_Information shown:_
--- --- ---
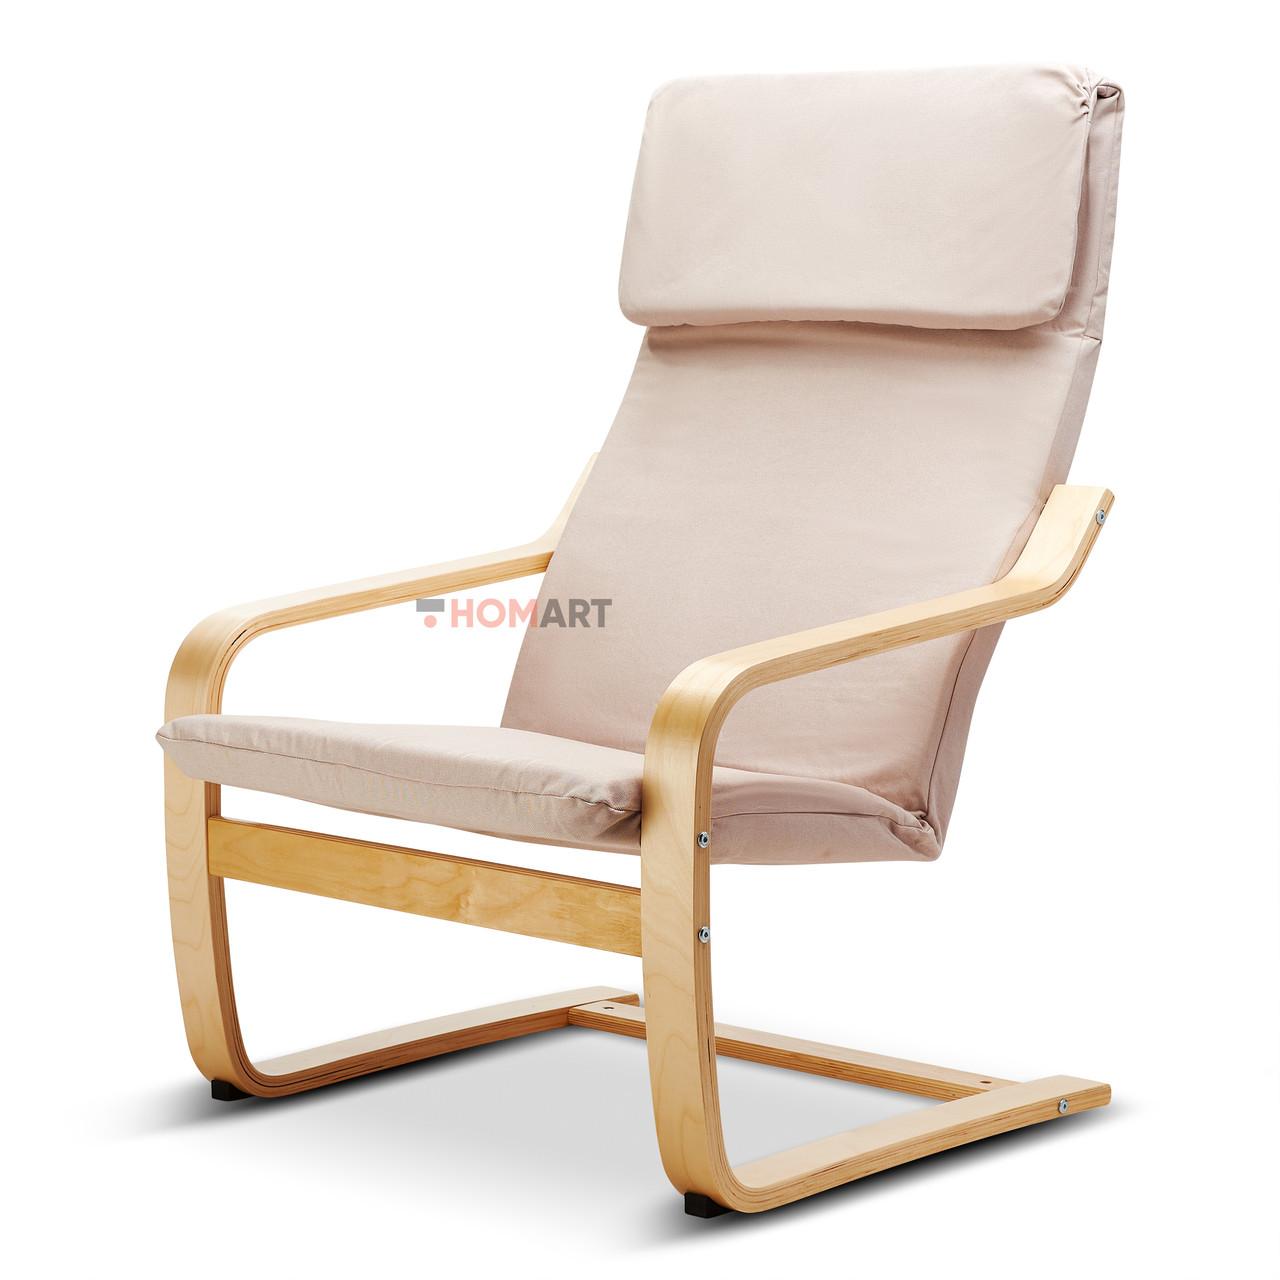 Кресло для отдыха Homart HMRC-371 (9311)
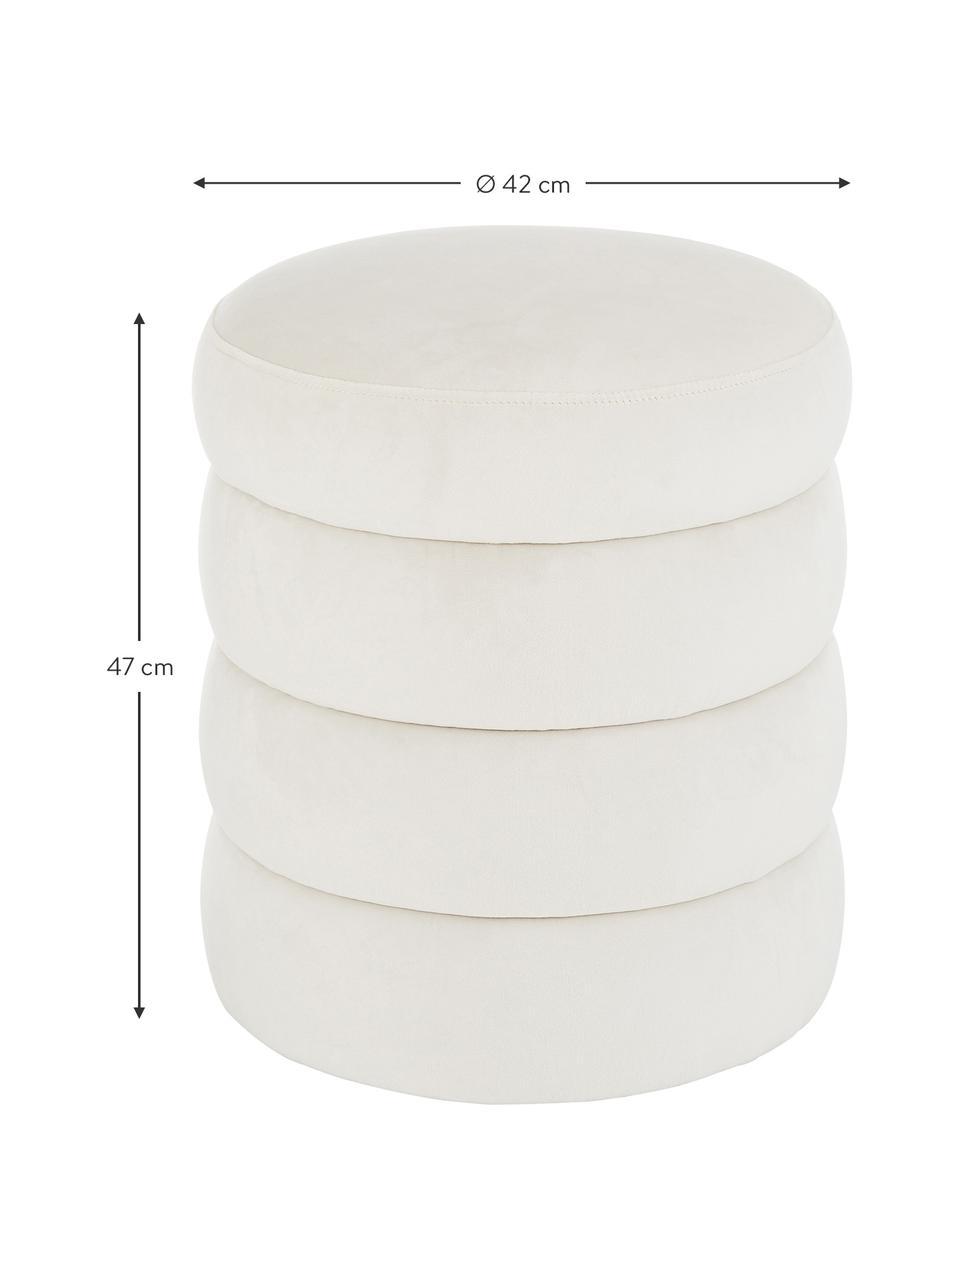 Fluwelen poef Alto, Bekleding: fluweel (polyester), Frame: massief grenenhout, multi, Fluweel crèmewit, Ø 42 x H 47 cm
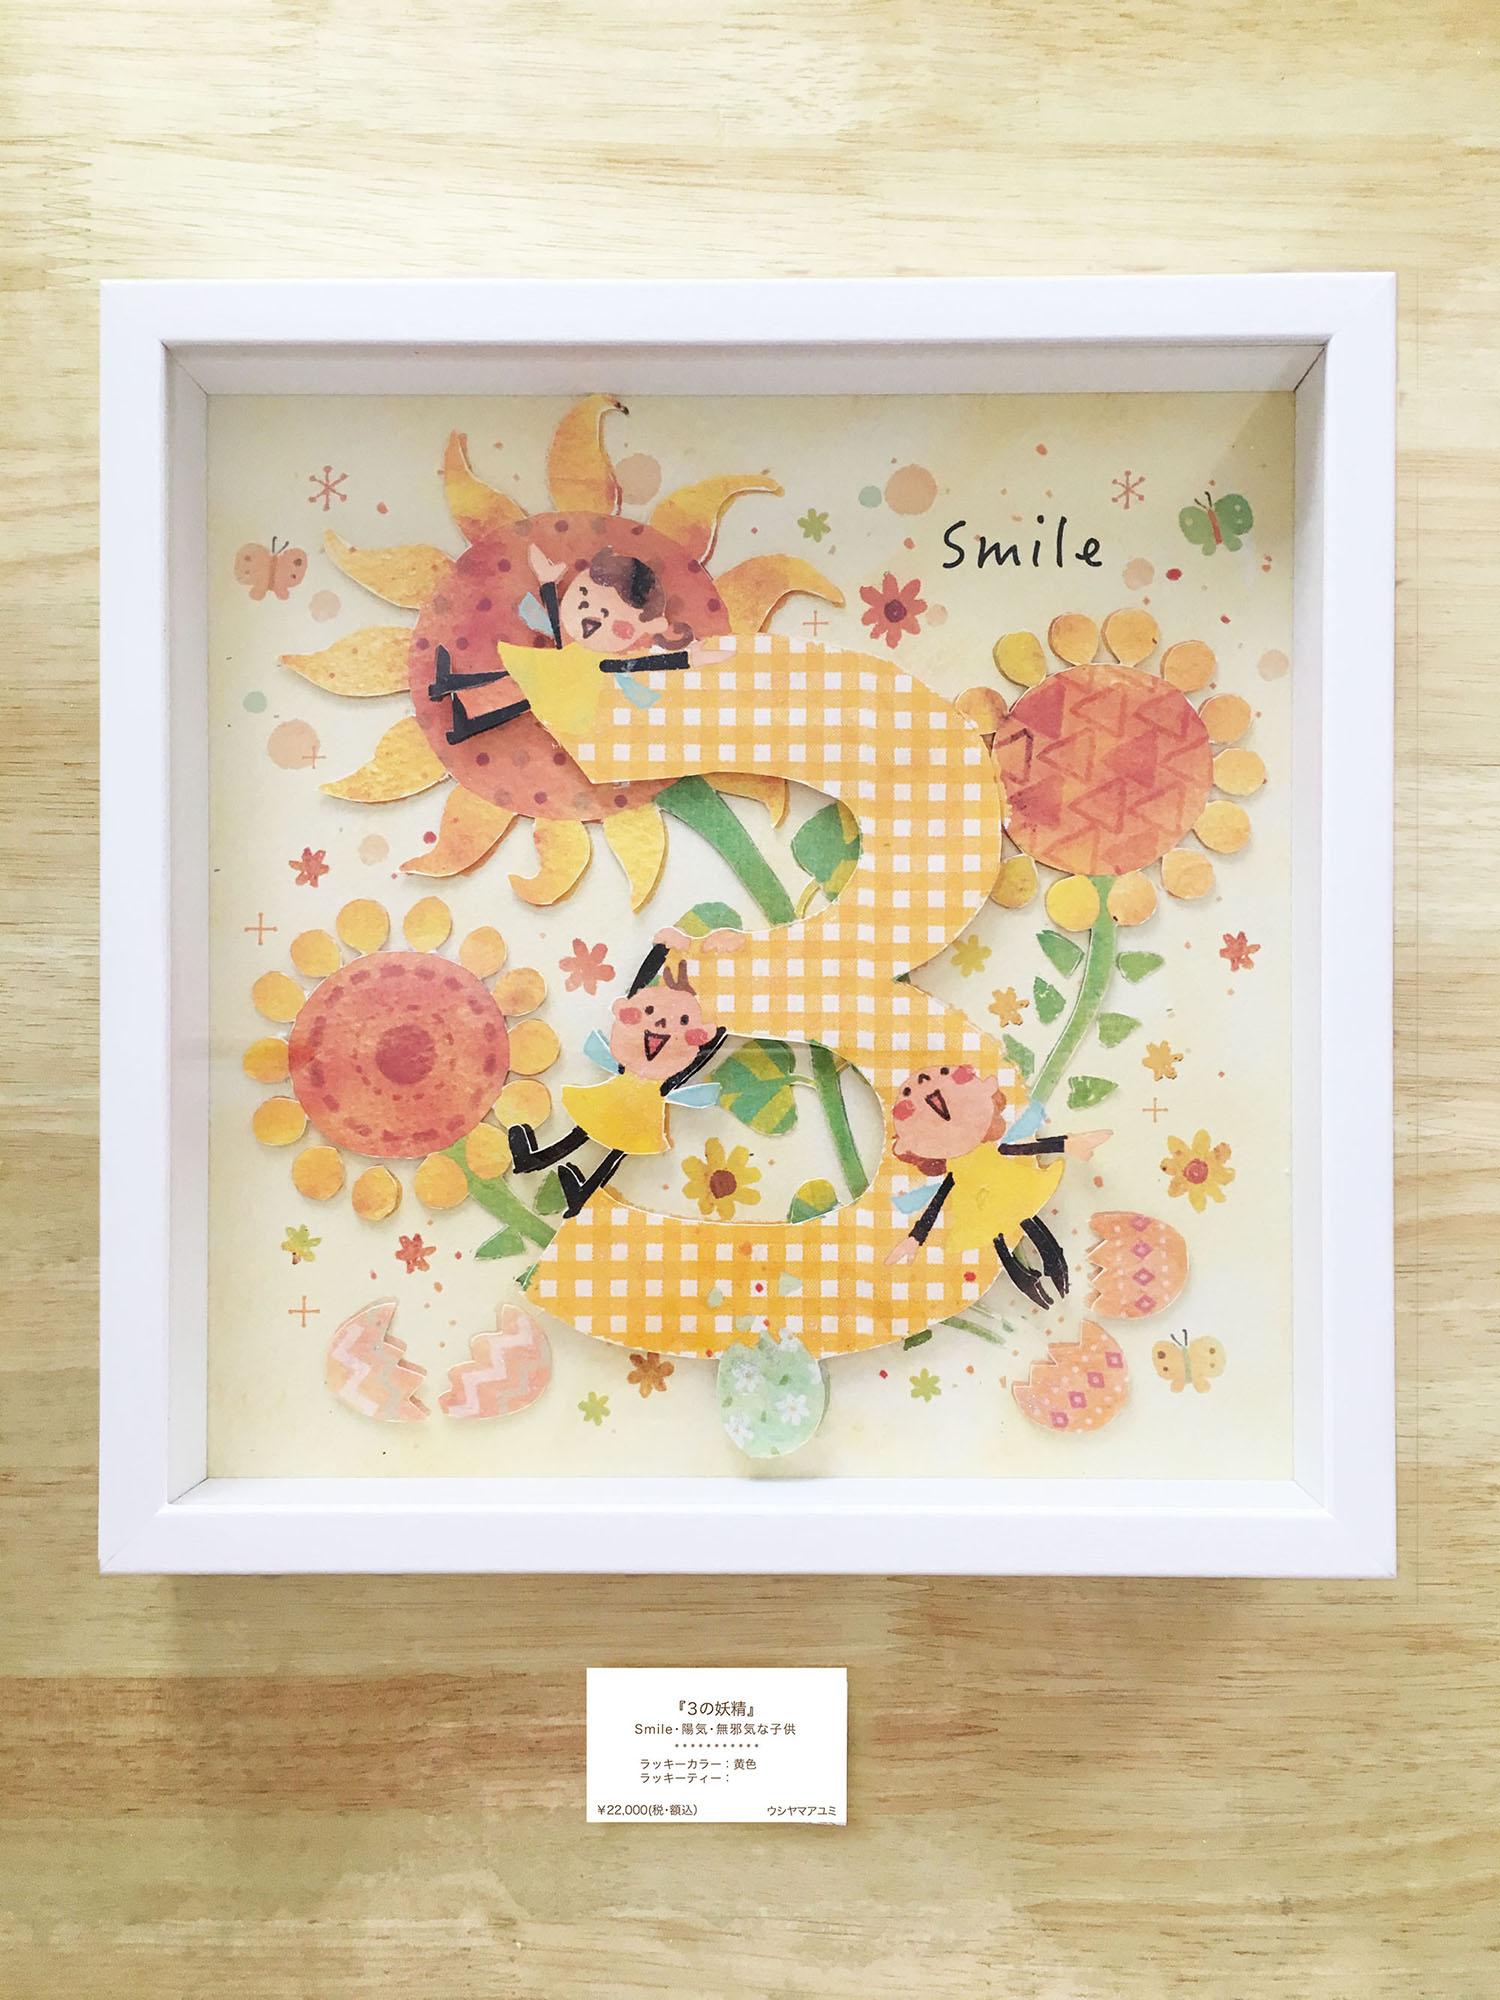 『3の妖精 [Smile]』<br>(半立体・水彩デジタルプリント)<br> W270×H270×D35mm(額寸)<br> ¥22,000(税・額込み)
--- --- ---
_The problem:_
Write out the data exactly, but not its pictures.

_Solution to this problem:_
 Кресло для отдыха Homart HMRC-371 (9311)
 Fluwelen poef Alto, Bekleding: fluweel (polyester), Frame: massief grenenhout, multi, Fluweel crèmewit, Ø 42 x H 47 cm
 『3の妖精 [Smile]』<br>(半立体・水彩デジタルプリント)<br> W270×H270×D35mm(額寸)<br> ¥22,000(税・額込み)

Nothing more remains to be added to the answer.